Half an hour later she sat across from him in an interview room. He asked her the questions that had become a standing joke between them.

“Any chance of getting my fiddle?”

“No,” she replied as usual. “Look Nick, we need to talk.”

“About?”

She opened her briefcase and pulled out the pages from Lisa Wilson's diary. “This diary. Lisa writes that you two had quite an affair. There are passages in here that even made me blush … ”

He started shaking his head. “She lied. I never laid a hand on her.”

“Nick, it's okay if you did. She was over twenty-one. Having sex isn't illegal.”

He slapped the diary pages down on the table. “But I didn't! At the very most, I put my arm around her shoulder.”

“What about the night she came to your bed?”

“I told you! She kissed me, I responded. I'd been drinking earlier, or I wouldn't have even done that.”

Suddenly, Mary saw a crack in the wall he'd put up. “So you two did have intercourse?”

“No.”

“Nick, you can't expect a jury to believe that a pretty, young girl comes up to your room, takes off her clothes, kisses you, whereupon you tell her to get lost.”

He closed his eyes, fighting some kind of battle within himself. “Okay. This is what happened. I was in bed—passed out. Lisa came in, woke me up, started taking off her clothes. She climbed on top of me and started kissing me. I got hard—I mean, sometimes your body just takes over. But I told her to get out before anything happened.” He stopped and swallowed. “I was pretty drunk—I honestly don't remember much more after that.”

“And that's the only time she came on to you?”

He looked at her, his gaze serious. “She kept flirting with me, but I avoided her. I don't get off on college girls.”

“Are you gay?”

“No,” he said sharply, giving her breasts an appreciative glance. “I just prefer women to girls.”

She took back the diary pages and started thumbing through them. “Have you got a scar on your thigh?”

“Yeah.”

“Let me see it.”

He stood up and dropped his pants, revealing a crescent-shaped scar just above the hem of his boxer shorts. “A kid nailed me with his skate in a hockey game, back in junior high. Why?”

She ignored his question and asked another of her own. “Did Lisa Wilson get along with Rachel Sykes?”

He pulled up his trousers and sat back down. “Yeah, they were pals.”

“How about Ryan Quarles?”

“I guess they were friends, I don't know.”

“What did she think of Abby Turner?”

He laughed. “The same thing everybody thinks of Abby. That she's a bean-counting tattletale.”

“Chris Givens?”

“Lisa hated Chris, and the feeling was mutual.”

“Why?”

He shrugged. “Chris wanted to fly the eagles, but he didn't have the chops. Lisa did. He hated her for that. She hated him right back. Givens can be an asshole.”

Mary looked up from Lisa's writing. “Do you realize that you've just corroborated everything Lisa wrote about your interns?”

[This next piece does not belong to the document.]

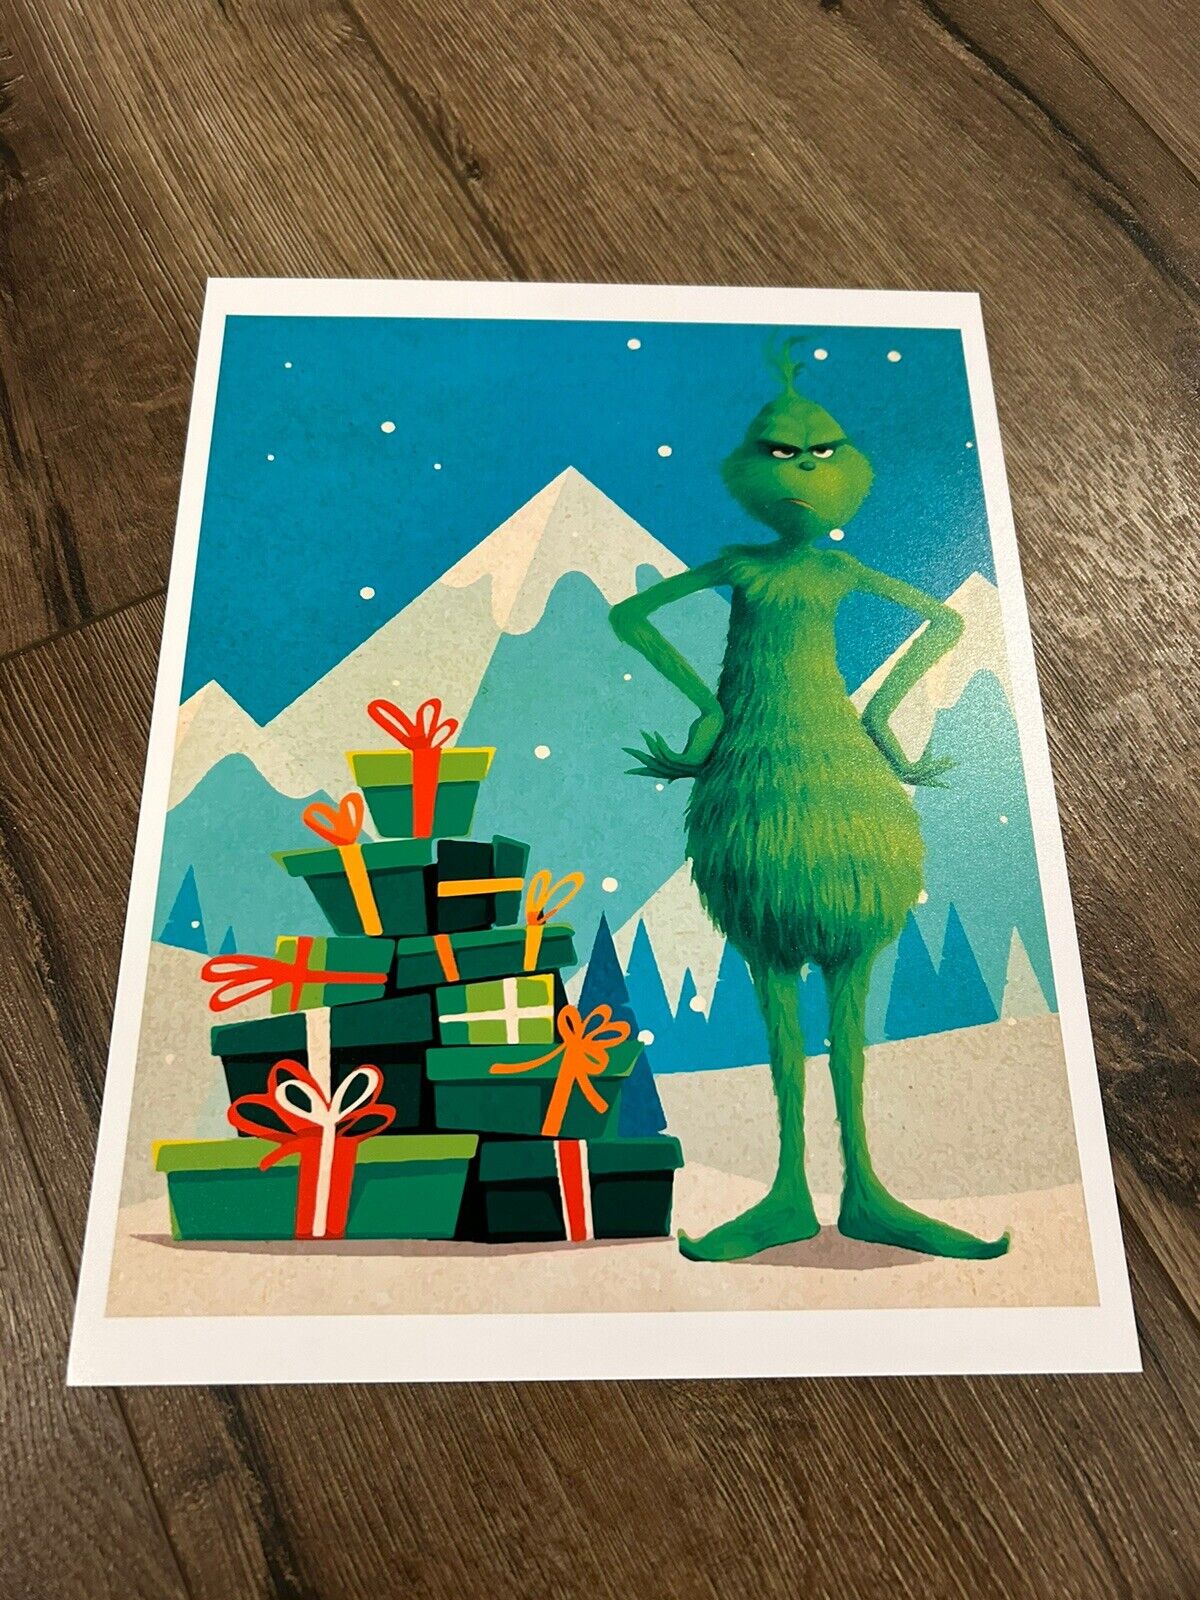 GRINCH CHRISTMAS Art Print Photo 8” x10” Poster Holiday Santa Clause Presents

He frowned, not understanding. “So?”

“Nick, you can't have it both ways. Why would Lisa write a totally accurate account of her fellow interns and then fabricate her relationship with you?”

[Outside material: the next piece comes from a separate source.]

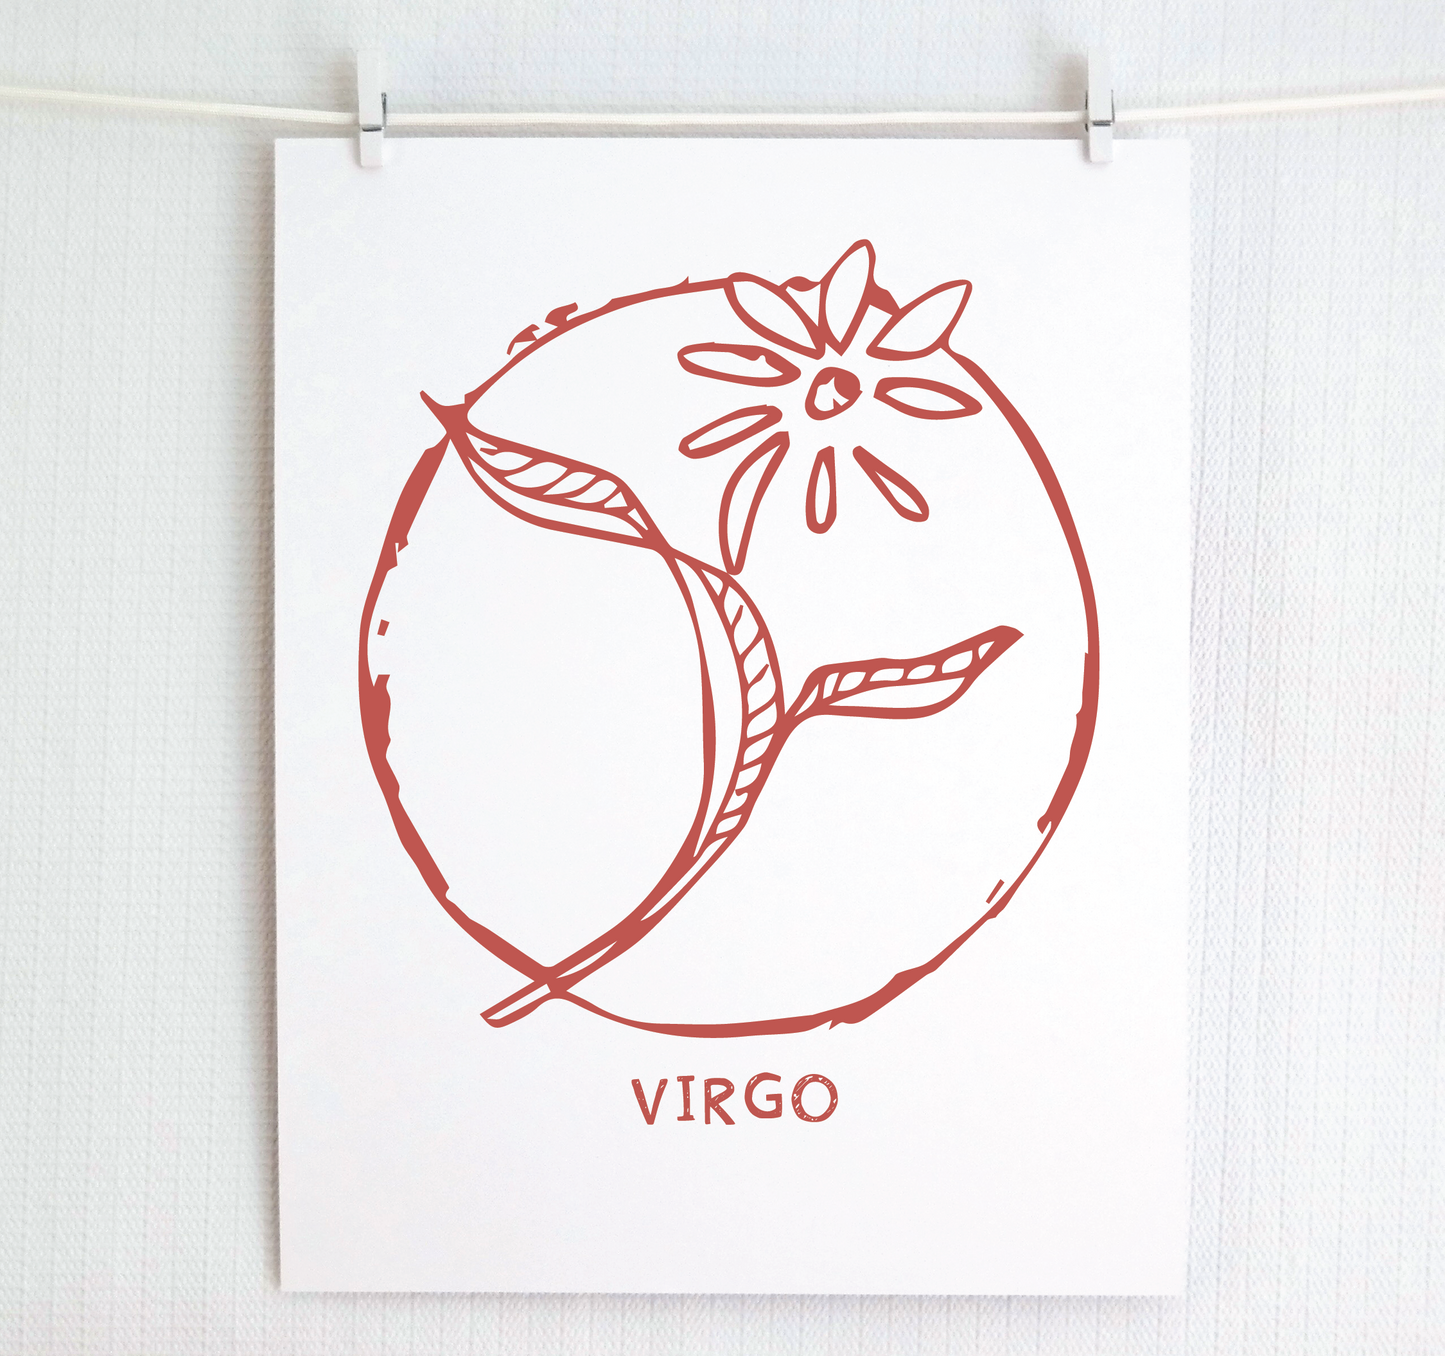 Signs of the Zodiac: VIRGO

He sat back, folding his arms across his chest. “The girl followed me around all summer—just because she wrote a lot of nonsense about me in her diary doesn't mean we were lovers.”

“I guarantee you the DA will see this very differently.”

“I can't help it,” he replied. “I'm telling the truth.”

With a deep sigh, she put the pages and the pictures back in her briefcase. This was a conundrum as old as humanity itself, she decided. He said, she said. The tragic thing about this was that the
she
was dead, and the
he
could well be hanged for her murder.